> _Recorded data_
----
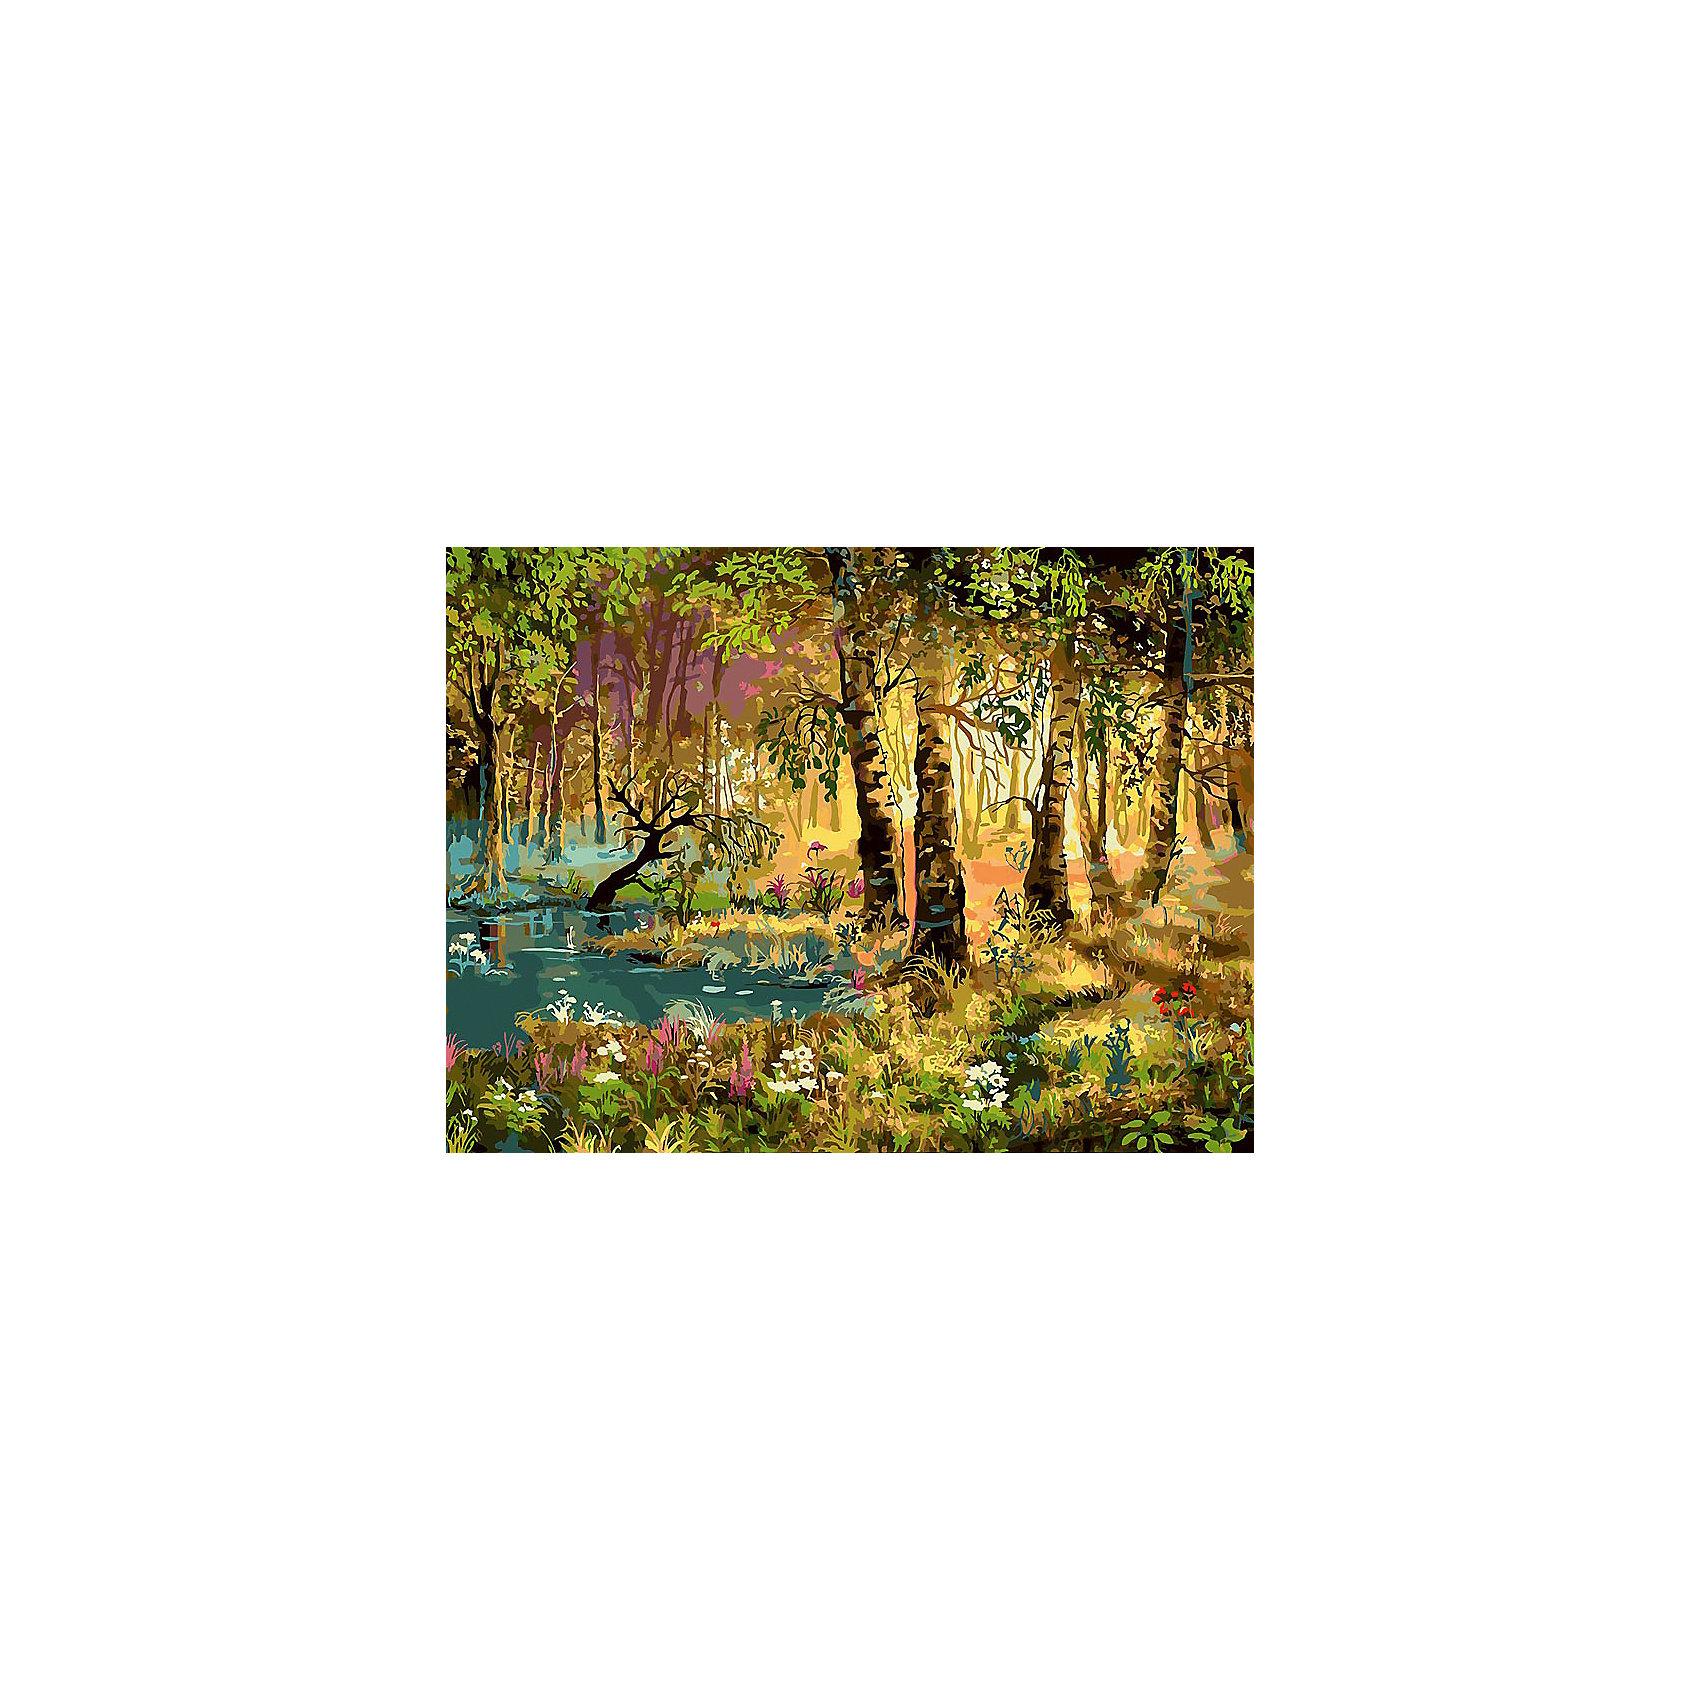 Живопись на холсте 30*40 см Утро в лесуРисование<br>Характеристики товара:<br><br>• цвет: разноцветный<br>• материал: акрил, картон<br>• размер: 30 x 40 см<br>• комплектация: полотно на подрамнике с контурами рисунка, пробный лист с рисунком, набор акриловых красок, три кисти, крепление на стену для картины<br>• для детей от шести лет и взрослых<br>• не требует специальных навыков<br>• страна бренда: Китай<br>• страна изготовитель: Китай<br><br>Рисование - это занятие, которое любят многие дети и взрослые. Оно помогает развить важные навыки и просто приносит удовольствие! Чтобы вселить в ребенка уверенность в своих силах, можно предложить ему этот набор - в нем уже есть сюжет, контуры рисунка и участки с номерами, которые обозначают определенную краску из набора. Все оттенки уже готовы, задача художника - аккуратно, с помощью кисточек из набора, нанести краски на определенный участок полотна.<br>Взрослым также понравится этот процесс, рисовать можно и вместе с малышом! В итоге получается красивая картина, которой можно украсить интерьер. Рисование способствует развитию мелкой моторики, воображения, цветовосприятия, творческих способностей и усидчивости. Набор отлично проработан, сделан из качественных и проверенных материалов, которые безопасны для детей. Краски - акриловые, они быстро сохнут и легко смываются с кожи.<br><br>Живопись на холсте 30*40 см Утро в лесу от торговой марки Белоснежка можно купить в нашем интернет-магазине.<br><br>Ширина мм: 410<br>Глубина мм: 310<br>Высота мм: 25<br>Вес г: 567<br>Возраст от месяцев: 72<br>Возраст до месяцев: 144<br>Пол: Унисекс<br>Возраст: Детский<br>SKU: 5089656
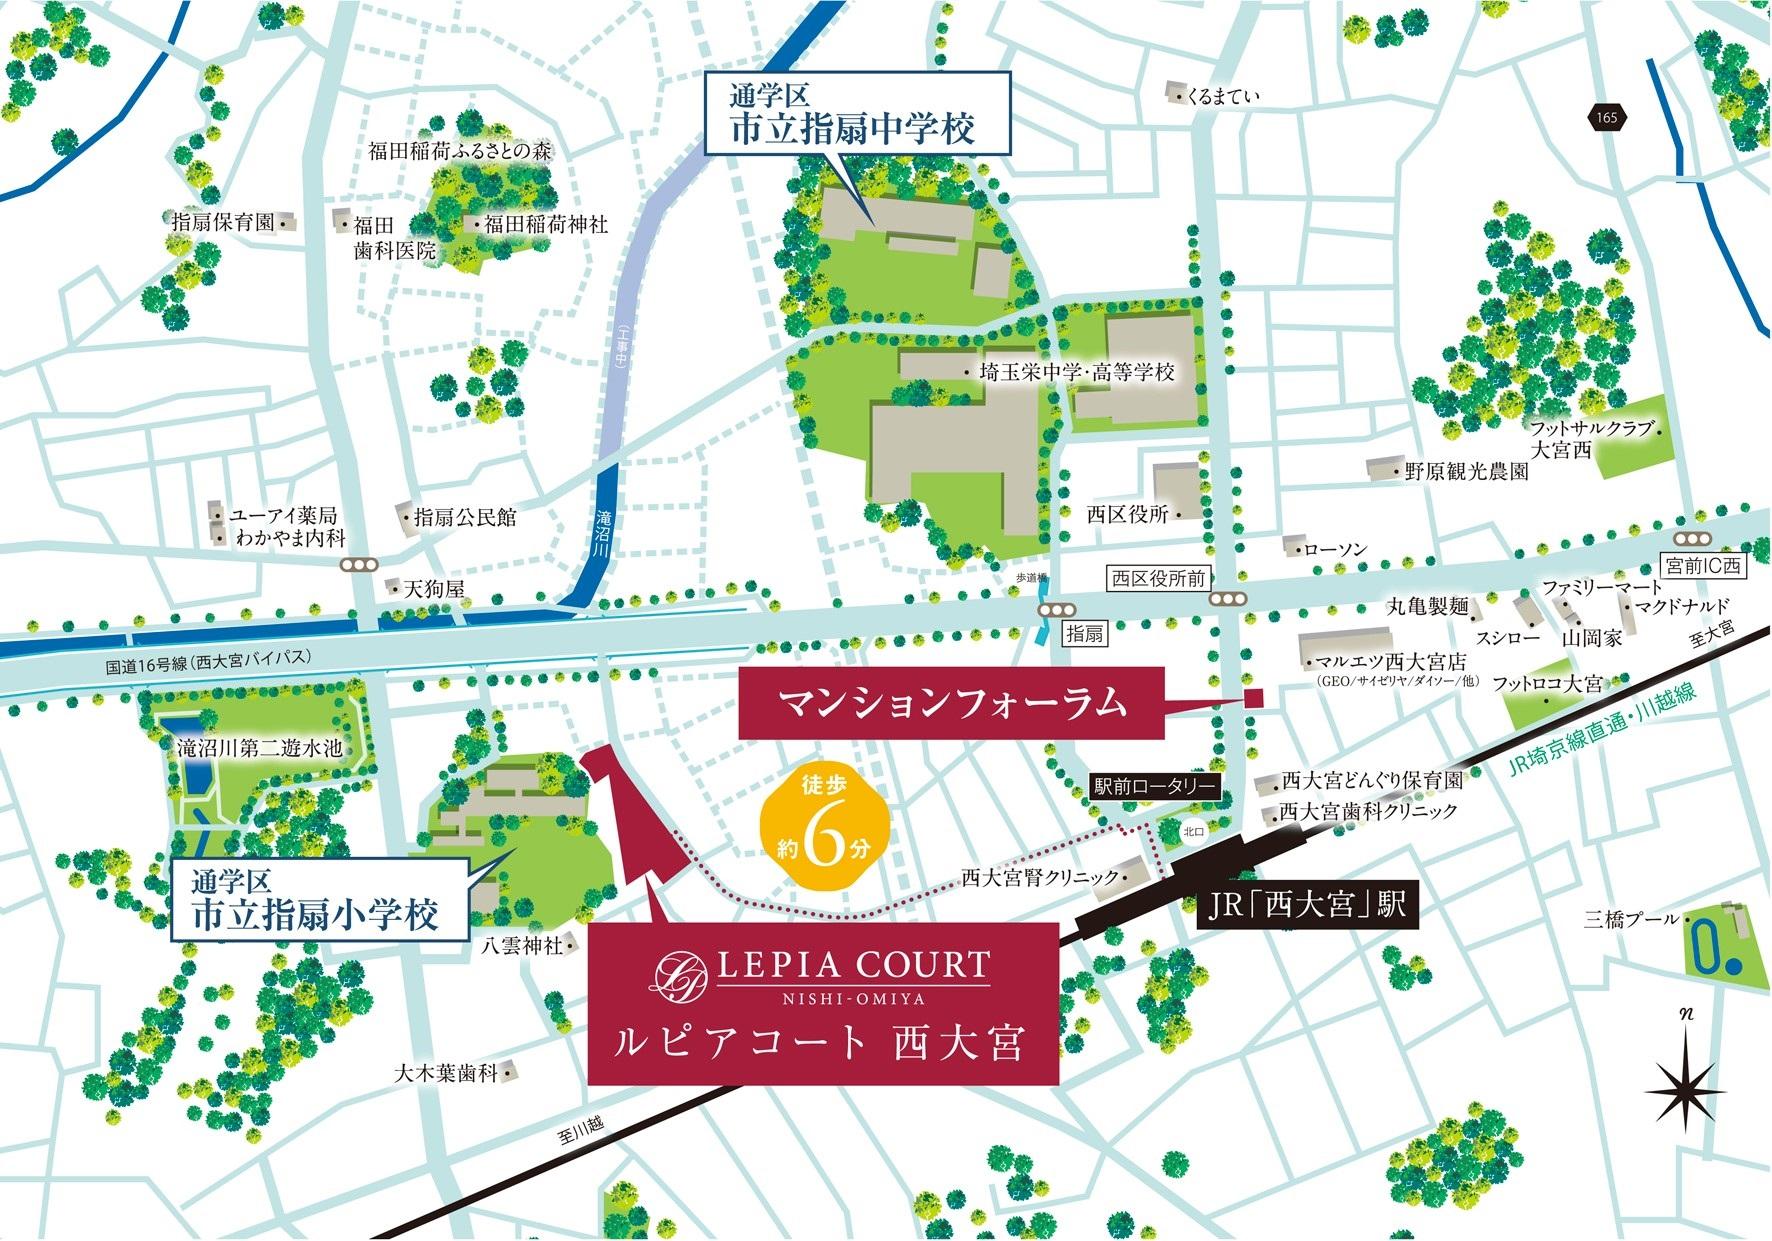 ルピアコート西大宮:モデルルーム地図
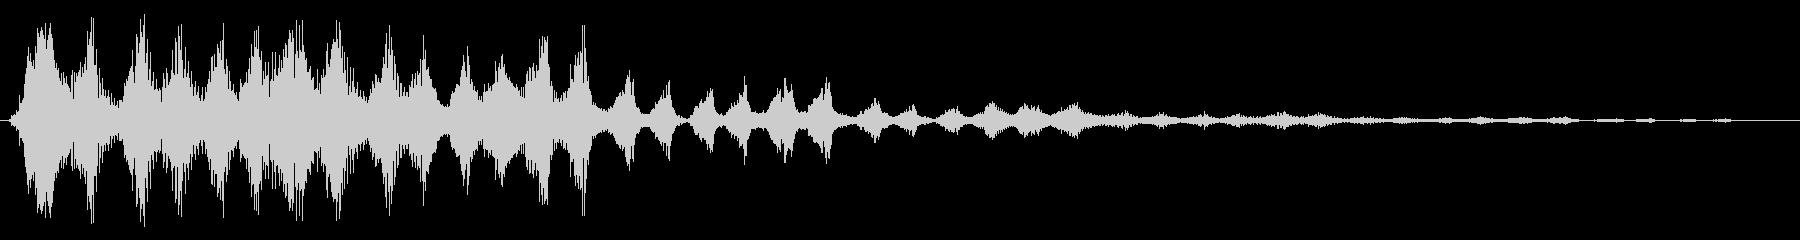 キュルルル(絡みつく)の未再生の波形
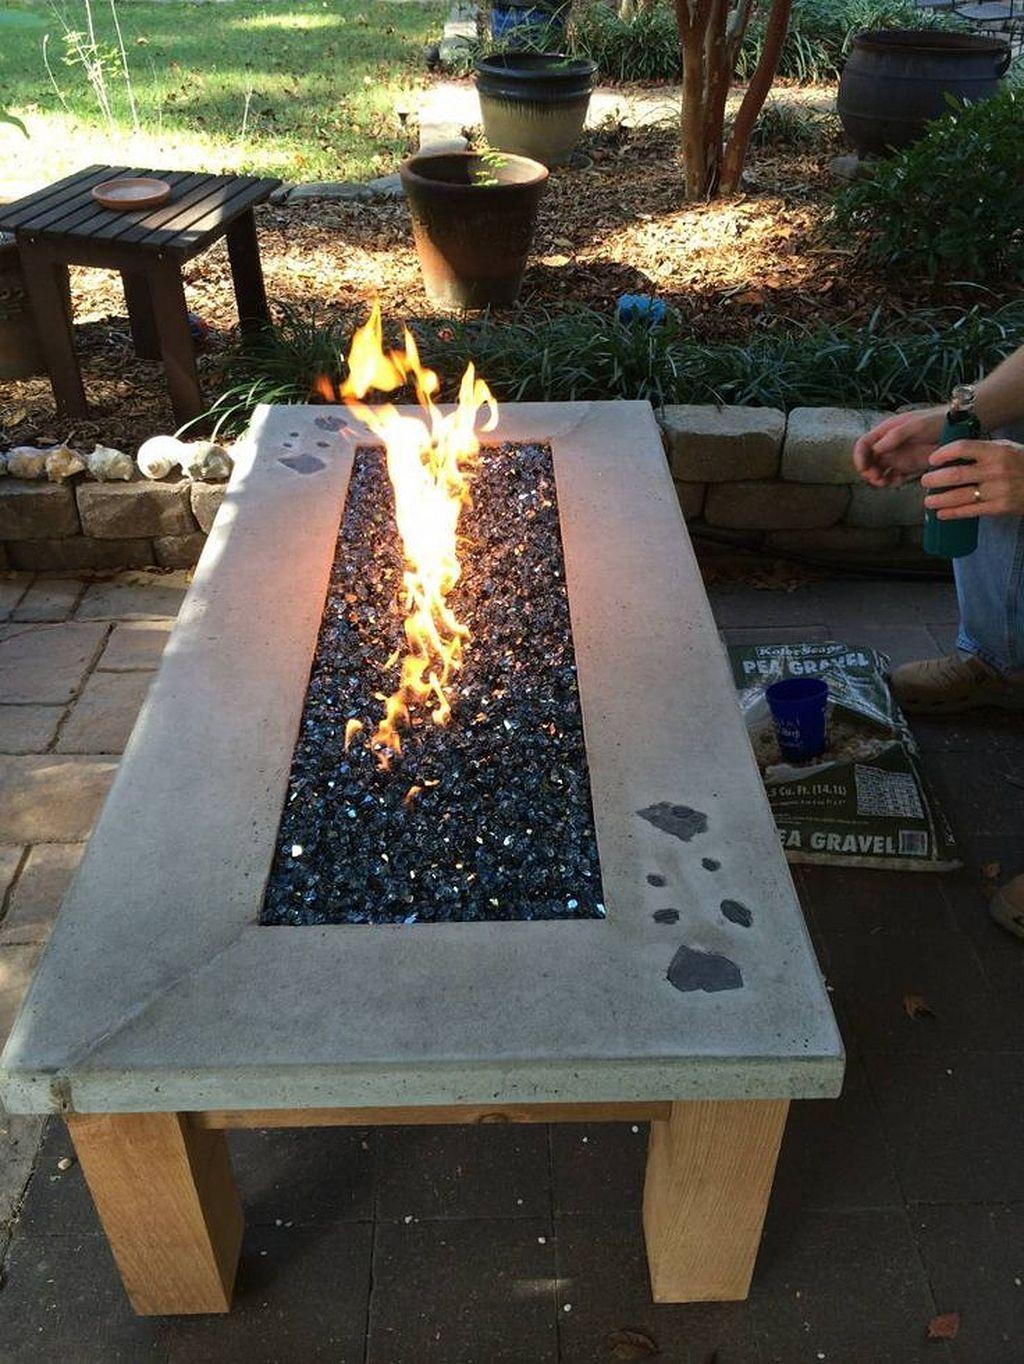 Gorgeous 92 Amazing Outdoor Fire Pits Inspiration Https Pinarchitecture Com 92 Amazing Outdoor Fire Feuerstellen Fur Die Terrasse Feuerstelle Diy Feuerstelle
----
> _Problem to solve_
Leave out the pictures, and retype exactly the lines from the one containing "キュルルル(絡みつく)の未再生の波形" through the last line of the data above, no more and no less.

> _Solution_
 キュルルル(絡みつく)の未再生の波形
 Gorgeous 92 Amazing Outdoor Fire Pits Inspiration Https Pinarchitecture Com 92 Amazing Outdoor Fire Feuerstellen Fur Die Terrasse Feuerstelle Diy Feuerstelle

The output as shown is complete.